EXCERPTED DATA:

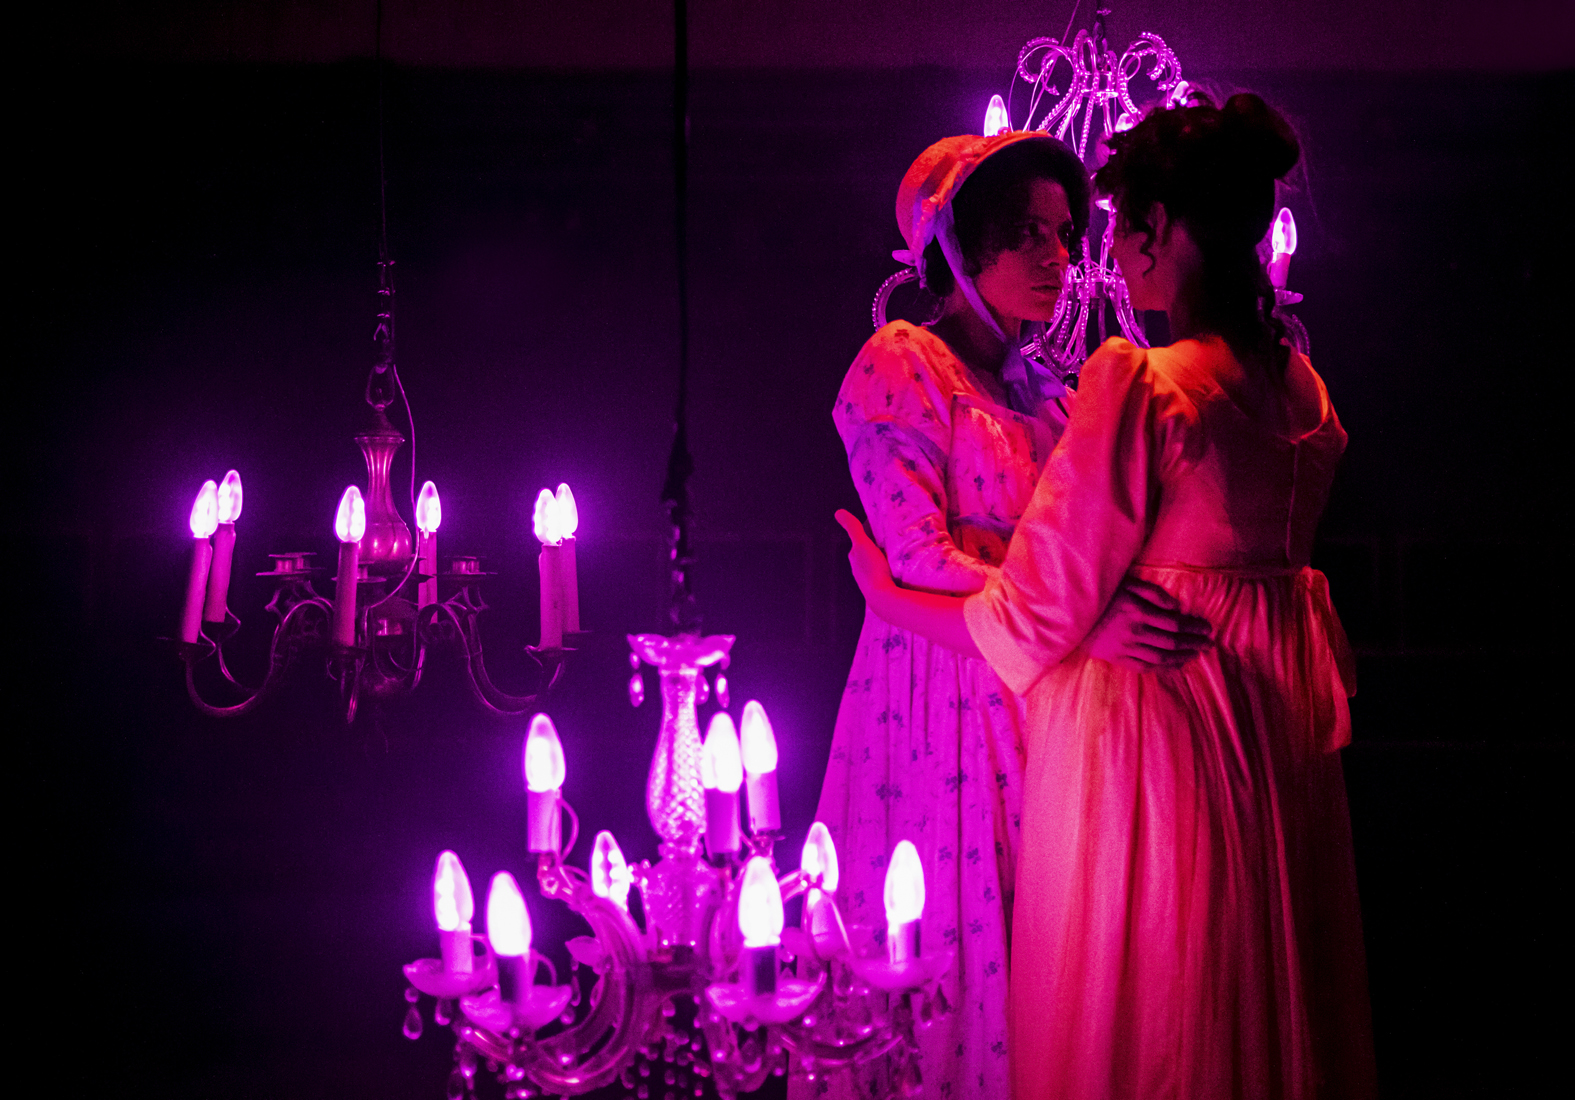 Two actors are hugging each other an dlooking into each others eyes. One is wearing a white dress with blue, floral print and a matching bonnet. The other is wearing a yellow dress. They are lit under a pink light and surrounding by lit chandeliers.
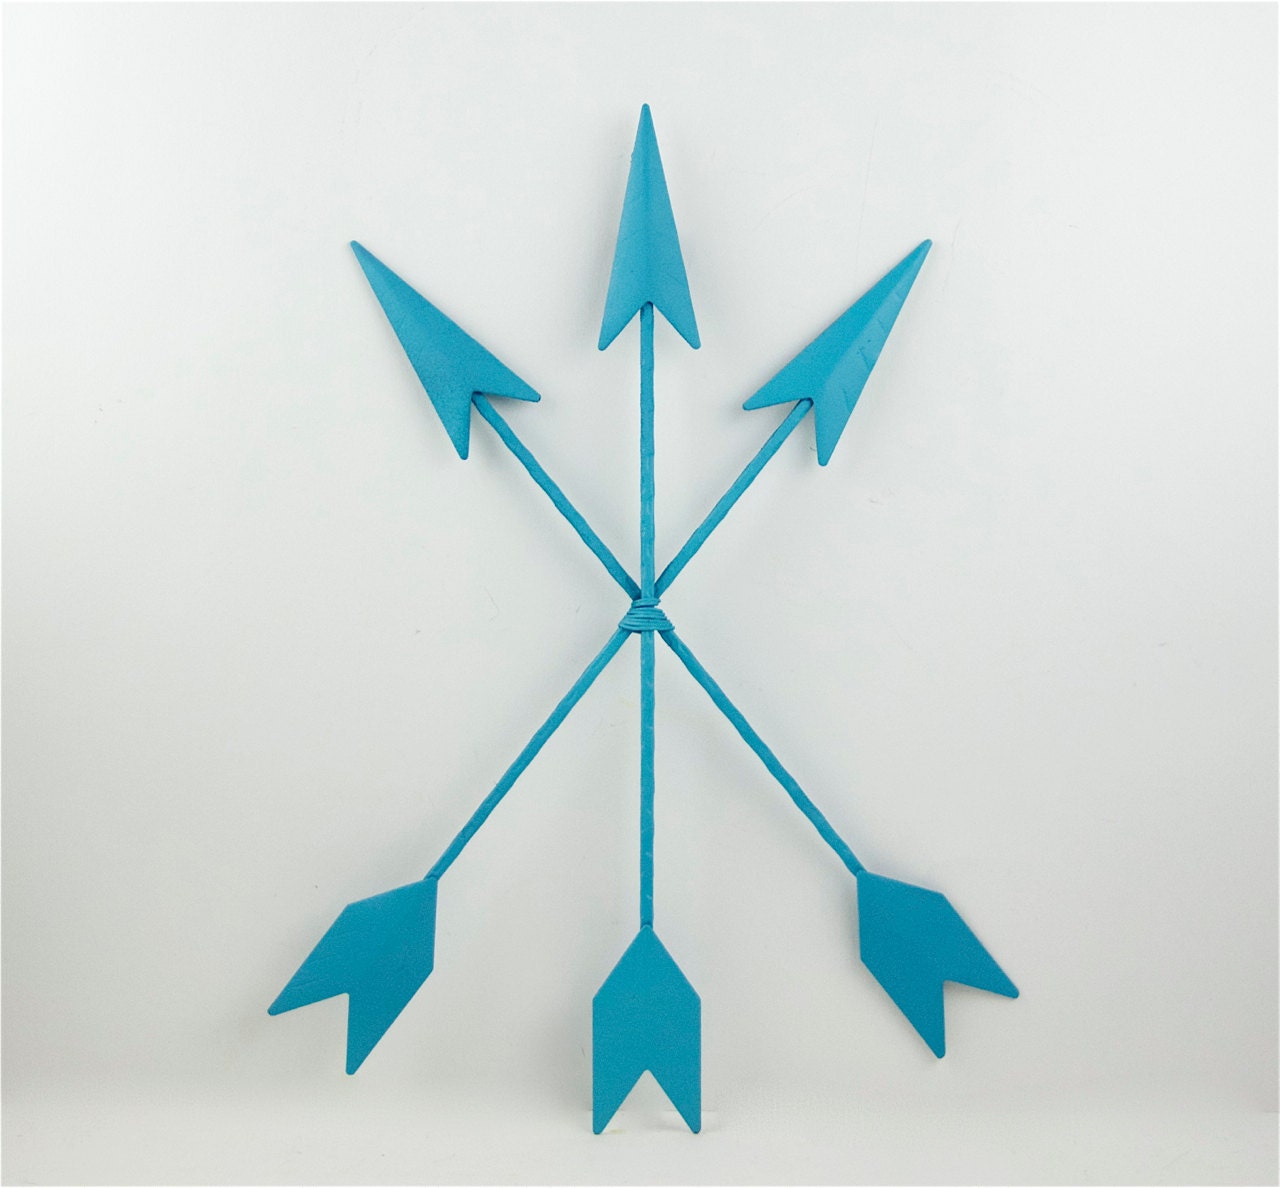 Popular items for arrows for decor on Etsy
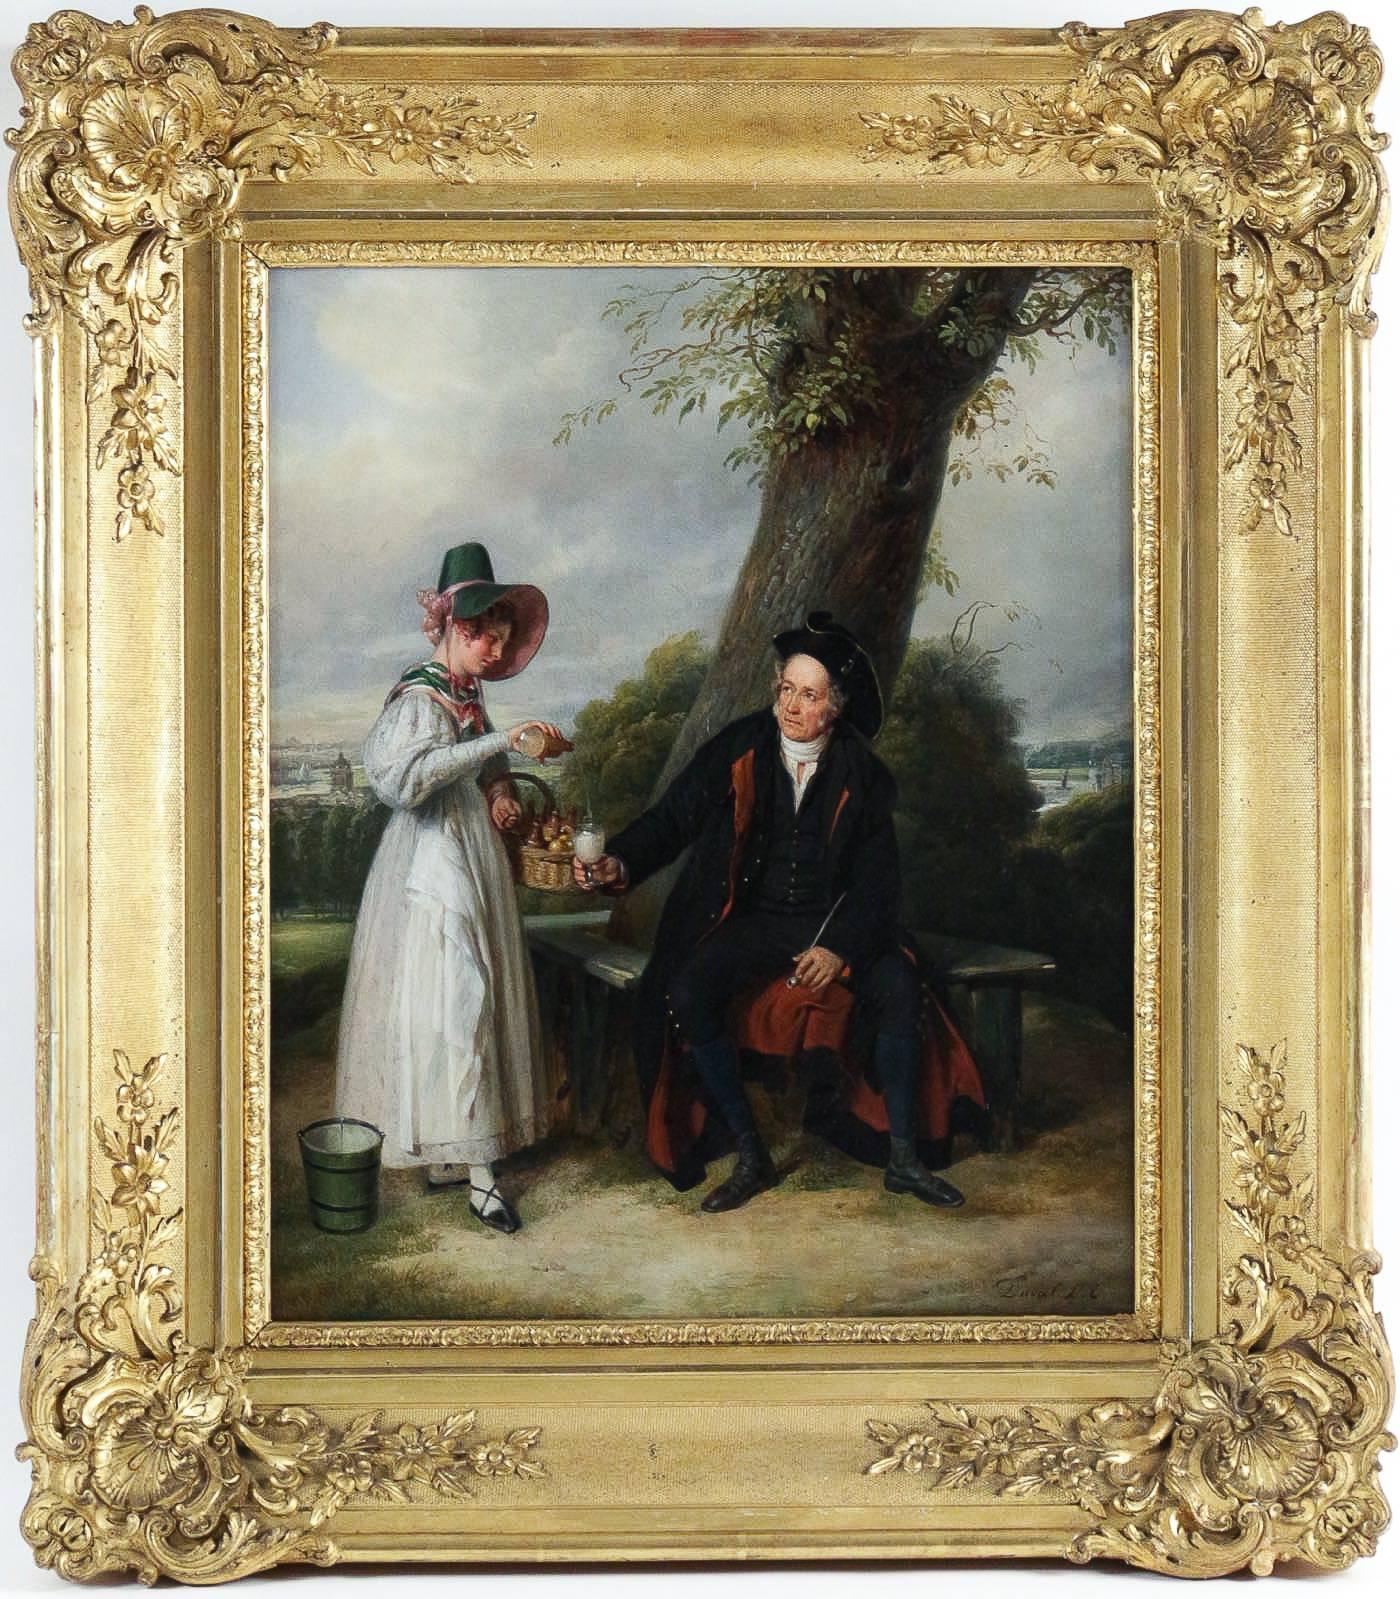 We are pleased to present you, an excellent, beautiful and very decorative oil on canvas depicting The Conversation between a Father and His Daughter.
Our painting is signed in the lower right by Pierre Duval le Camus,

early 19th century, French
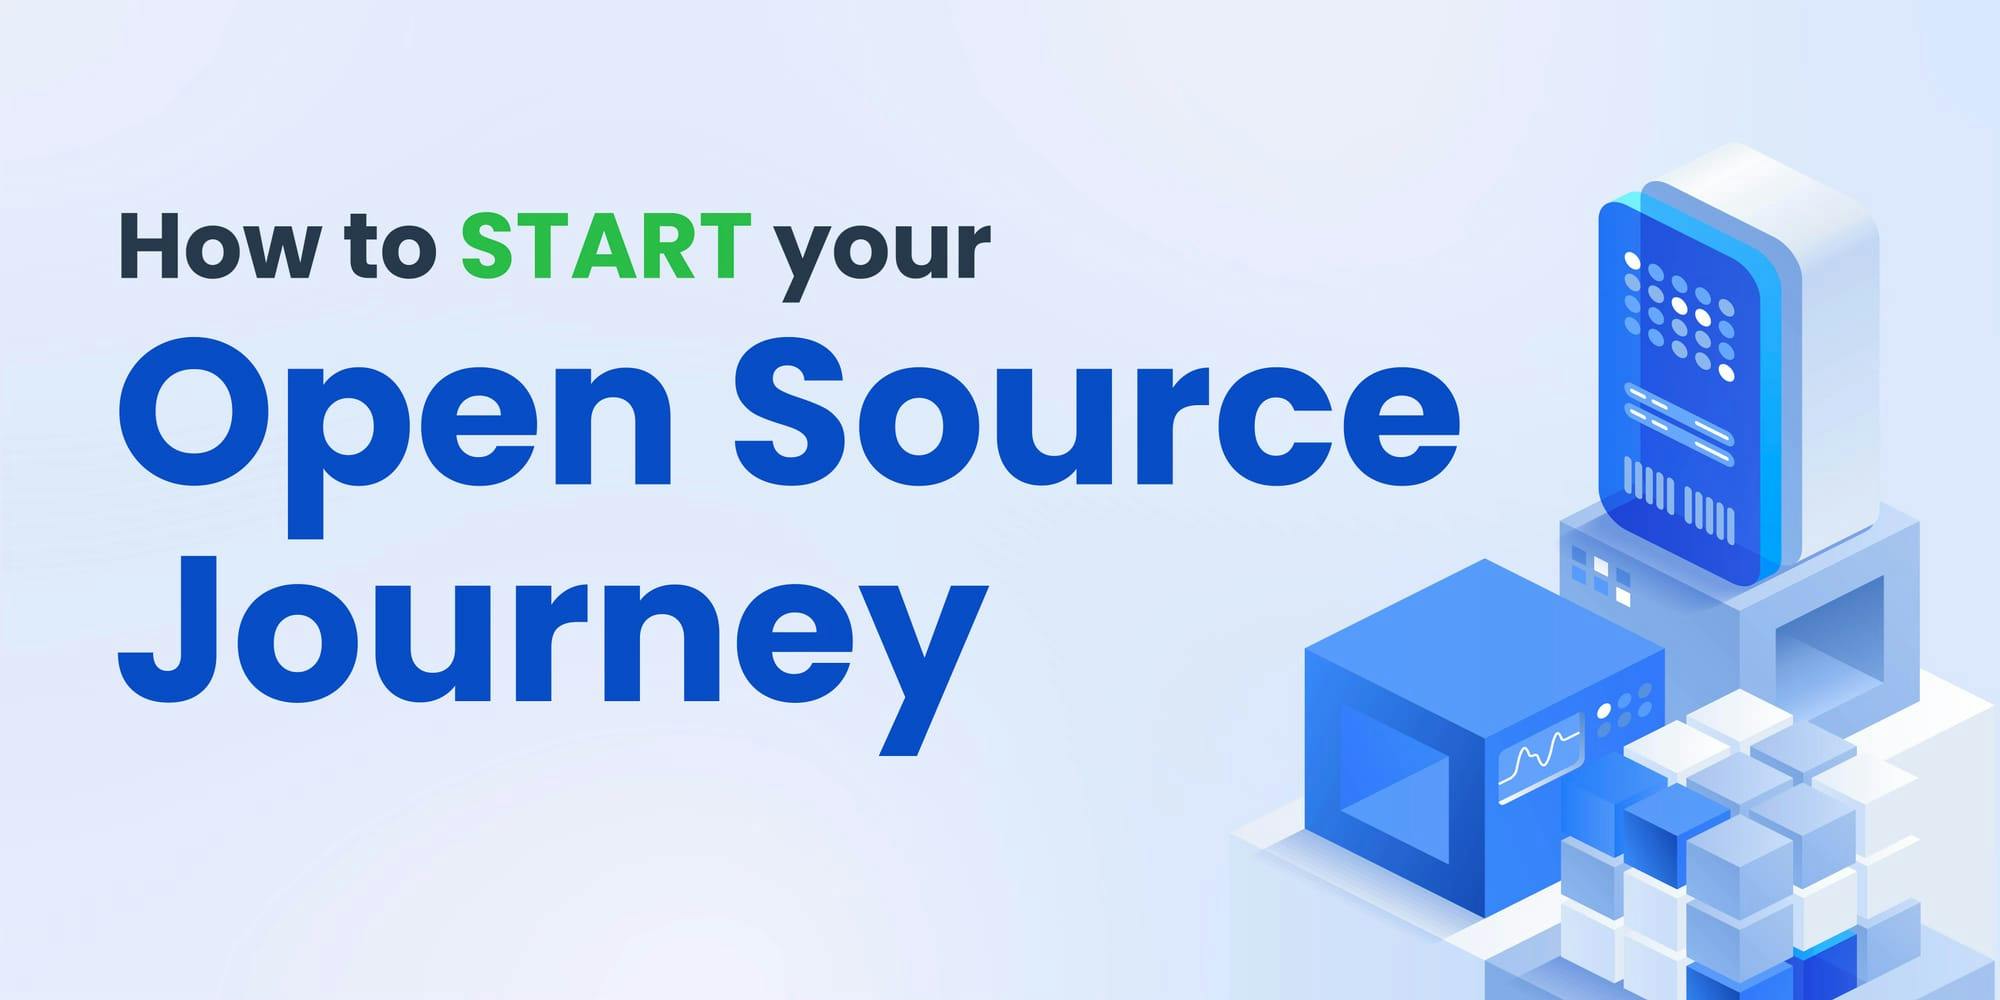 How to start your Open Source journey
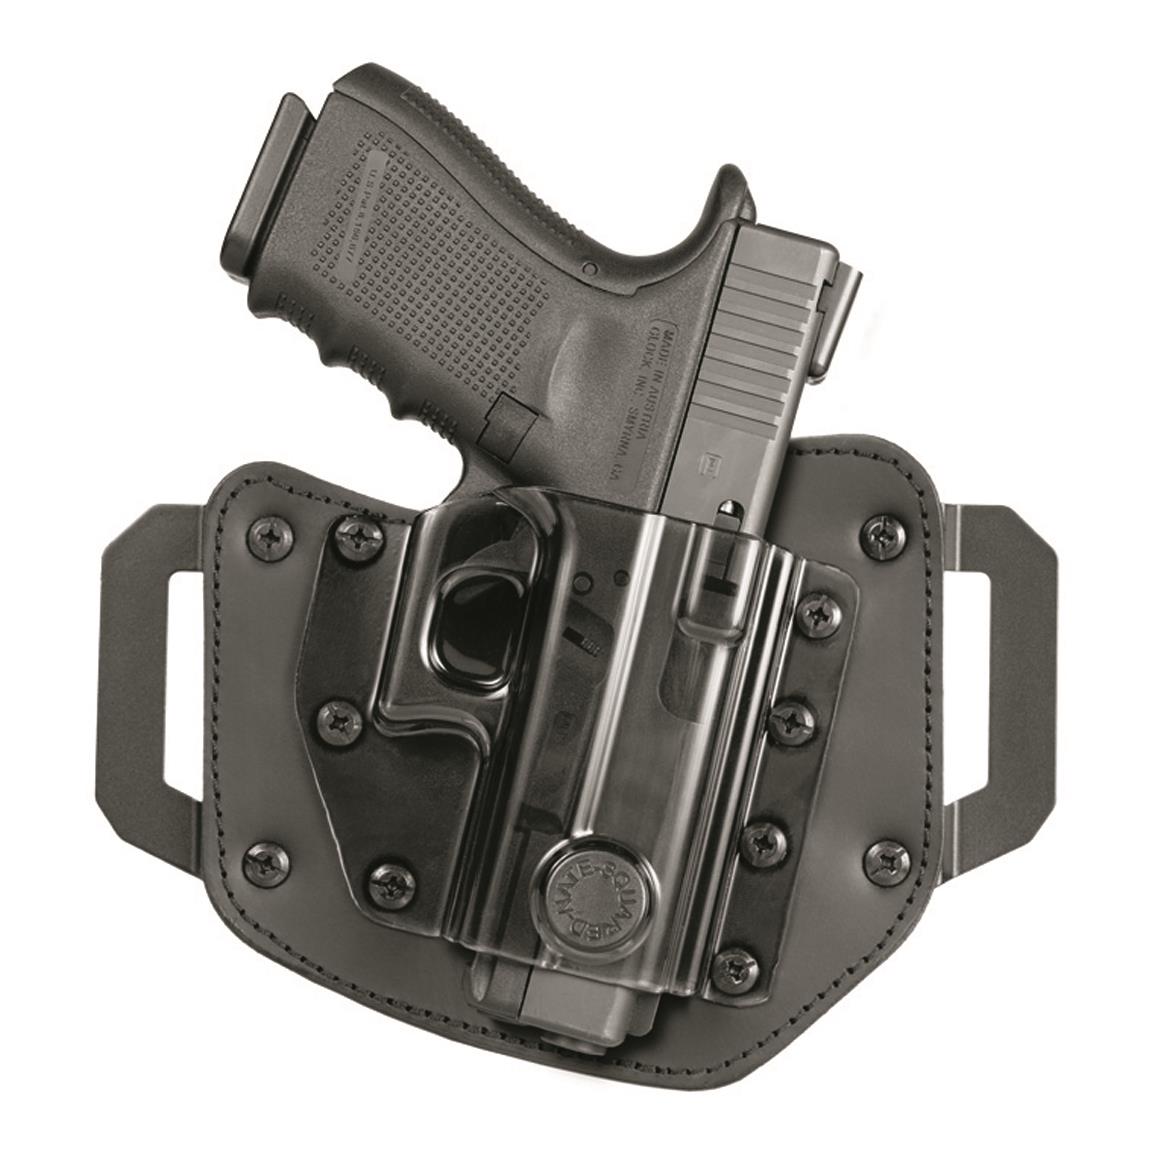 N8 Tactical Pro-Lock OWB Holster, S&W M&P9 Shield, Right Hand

YOUR GOAL:
Everything in the records above should be retyped exactly except the pictures.

RESULT OF THE TASK:
 Two actors are hugging each other an dlooking into each others eyes. One is wearing a white dress with blue, floral print and a matching bonnet. The other is wearing a yellow dress. They are lit under a pink light and surrounding by lit chandeliers.
 Popular items for arrows for decor on Etsy
 We are pleased to present you, an excellent, beautiful and very decorative oil on canvas depicting The Conversation between a Father and His Daughter.
Our painting is signed in the lower right by Pierre Duval le Camus,

early 19th century, French
 How to start your Open Source journey
 N8 Tactical Pro-Lock OWB Holster, S&W M&P9 Shield, Right Hand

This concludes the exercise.